11a. Do I consciously know what I want?
11b. If not, what do I believe I want?
11c. In what way do the actions arising from the real and believed wants interact or alternate?

October 20:
As per my class assignment, I went to go see Beauty and the Beast at my community college. Considering that I’ve already seen the play last year (Broadway touring version) and this summer (outdoor theater version) and the live-action movie twice within the last year, I hadn’t had plans on seeing a third version*, but it was heavily pressed that we go see plays at our school if possible, and I wasn’t doing much that weekend, so okay, fine.
It was done really well, I gotta say. THE COSTUMES WERE AMAZING. Now, I know someone who’s been taking costume design classes over there and raving about it, but seriously, these people were in freaking brocades. And fancy bodies. And patterned fabrics. And I wish I could show you a photo of Mrs. Potts’s costume because the whole “teapot” shape was made from really fancy large round pleats. I couldn’t even! It was amazing! About the only thing that wasn’t so amazing was the Beast’s head--he kinda looked like a walking hairball--but I think they did it as they did so you could see his face. Ah well. Also, bonus points for casting a buff ex-jock with actual giant arms as Gaston. Damn, those guns, boy! Yes, the acting and singing were well done too.

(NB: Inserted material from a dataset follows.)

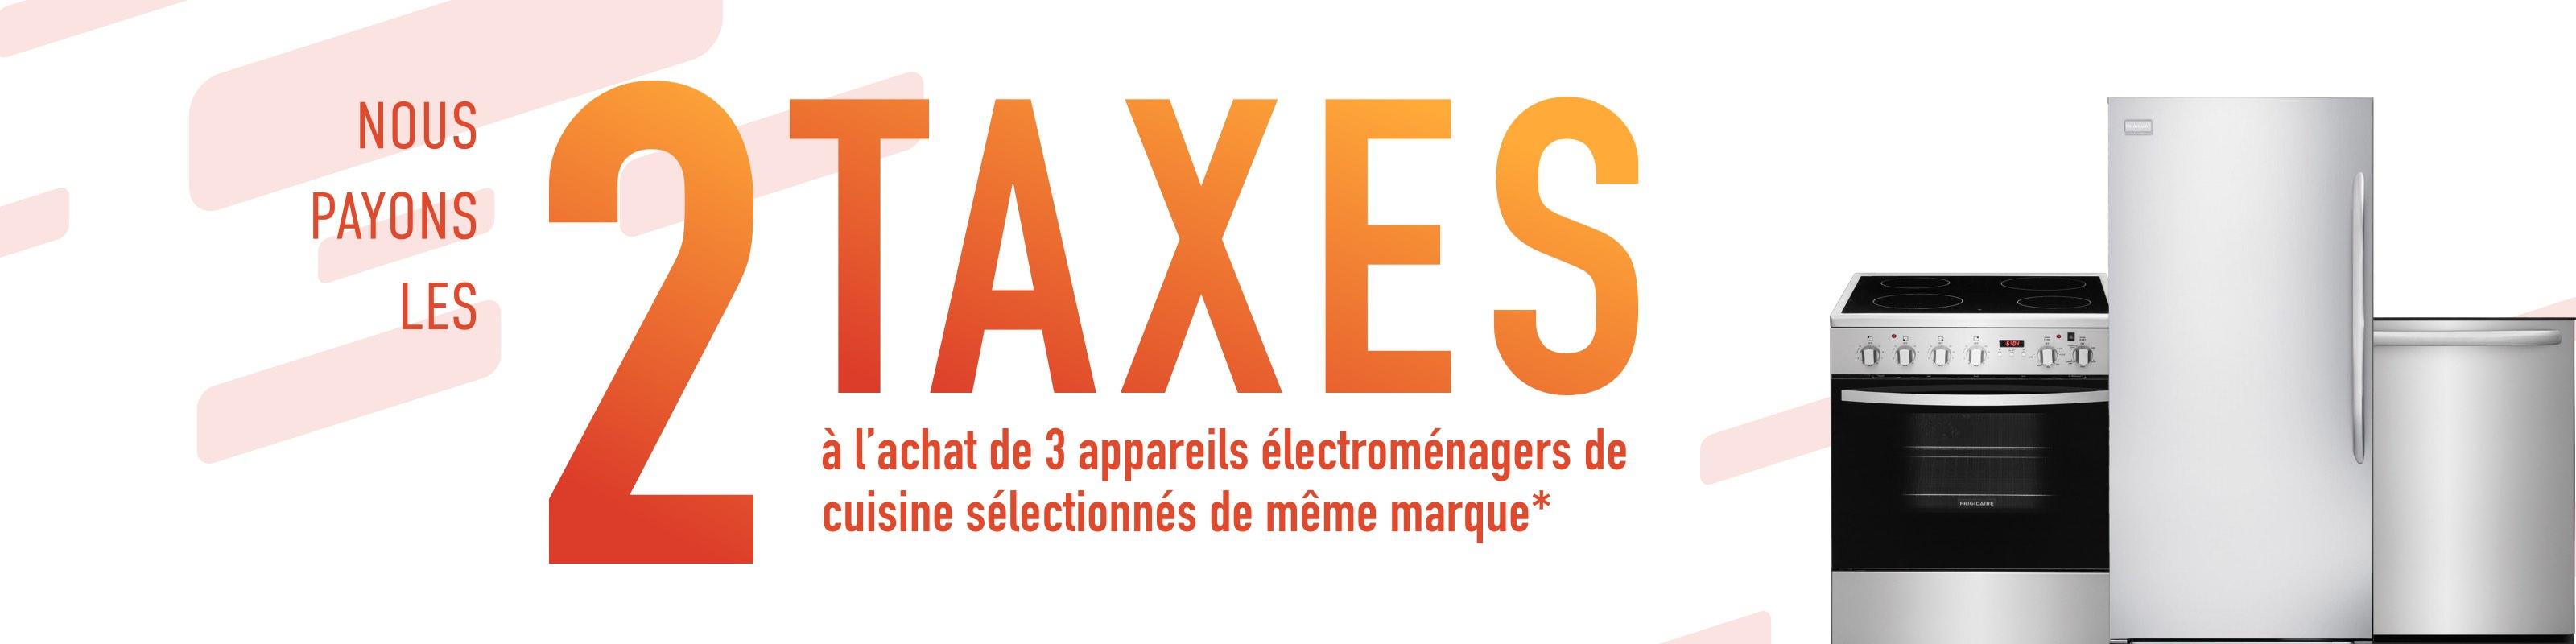 https://cdn.tanguay.ca/userfiles/images/campagne/2021/liquida/10-octobre/web_carrousel_1600x400_2taxes_electromenagers_2x.jpg
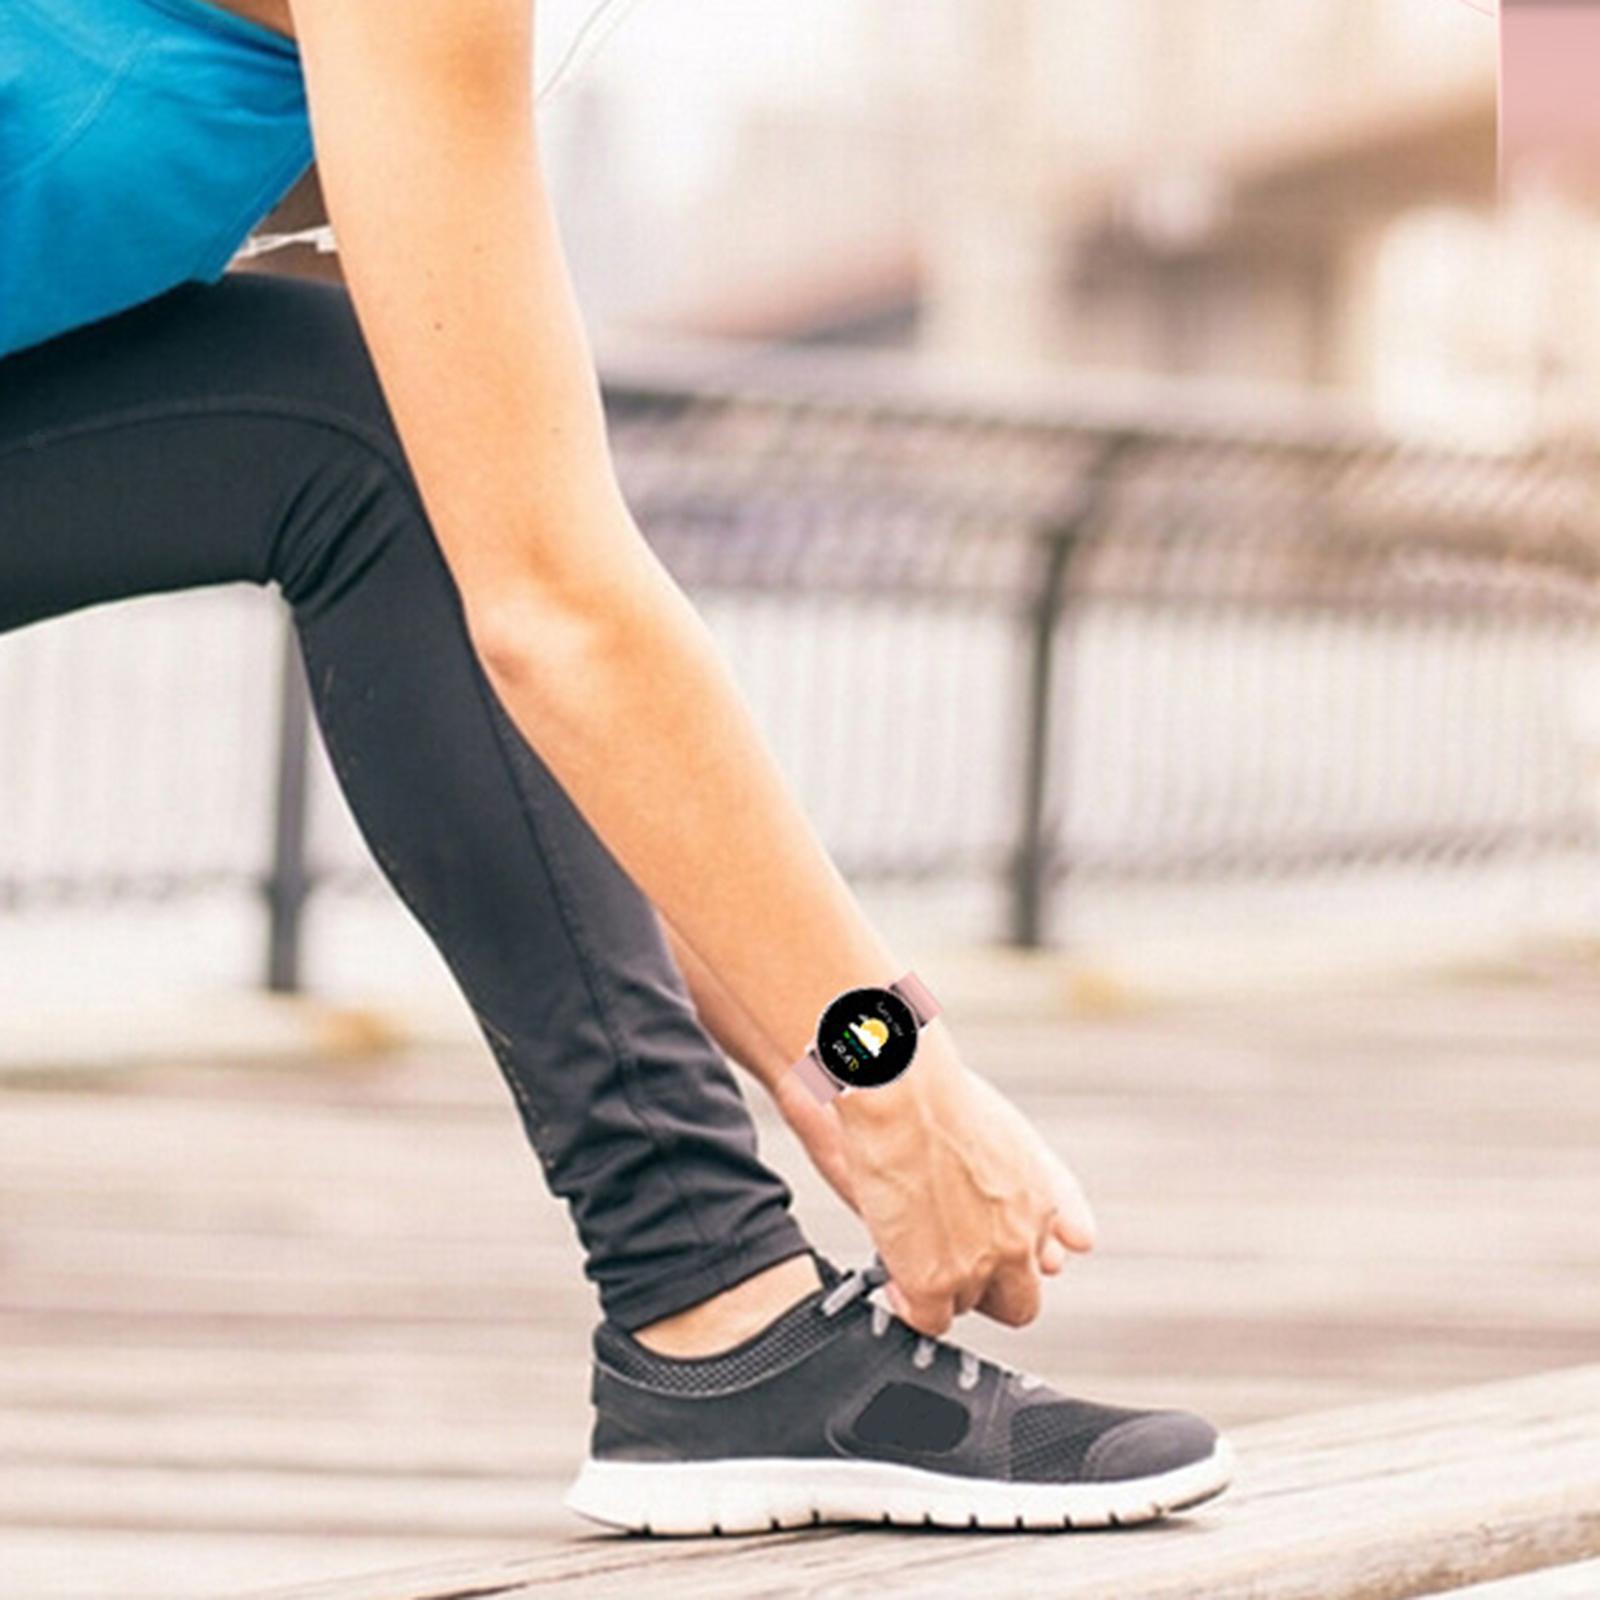 miniature 18 - Étanche Femmes Montre Intelligente Bracelet Sport Fitness Tracker Mode

* (heck, I think a fourth version is playing in another town now, but I ain’t schlepping)

October 23:
Class #3. Today we were talking about scoring scripts, or writing up all the instructions and things you’re going to do on them. In addition to stuff like your blocking and drawing a floor plan, you’re also supposed to divide your scene into beats (topic changes, basically), identify the climax, and write out the tactics that you’re going to play. The interesting thing on the tactics? There’s a new tactic, according to him, per punctuation. Not even per sentence, per punctuation. Daaaaaaaang. (My scene partners were trying to figure out what to do with “Barbara, Barbara, Barbara”--we eventually elected to have me doing something or other on the couch and they had to yell to get my attention. I knit in one scene and put lipstick on in another.)

* Beats = any time you have a new objective/obstacle
* French scenes--when anyone enters/exits--energy changes and makes you feel different
* Superobjective: whole play
* Scene objective
* Your objective changes a lot
* The most important acting elements are the objectives or obstacles change as the scene/play progresses?
* Be 100% into what you are doing, take whatever the director gives and take it further.

This is all the stuff you’re supposed to do when scoring a script:
* write down all the beats and the climax
* write in your blocking
* write in your tactics-what you’re going to play on every bit of punctuation. Follow your punctuation--it clarifies/separates thoughts. He hopes you improvise tactics onstage every night. Tactics are something like “to announce,” “to hurry,” “to soothe,” “to recoil.” Write them down so you know your options and can practice.
** Two types of tactics--reward and punishing.
* action cues--do you do what you do next based on a previous action or line?
** Two types of cues--line cue and previous line, external (like looking at a clock) or internal (I feel sick).

October 25:
Class #4: we had a quiz. Turns out he writes out quizzes with sentences and fill-in-the-blanks.
He made us do a lot of having to stare at a partner (like 4 minutes of it, probably, like the infamous 36 Questions), look at stuff like their feet or whatever for a long time, doing mirroring actions with each other, and having to imagine our partner basically from infancy to death. For some disturbing reason I started crying during this--out of one eye--which was really freaky and I can’t even explain it. SO EMBARRASSING.
Oh yeah, he also likes to make people talk in gibberish. I’m still not sure what that’s all about.

Lecture notes:
* Actor is judged by choices
* Objective is what the characters want
* Your thinking - inner monologue, onstage thinking, talking to yourself
* You want anything that will stimulate you onstage.

After that, I rehearsed with my scene partners, which felt pretty short. I wish we had more time to actually work on these things.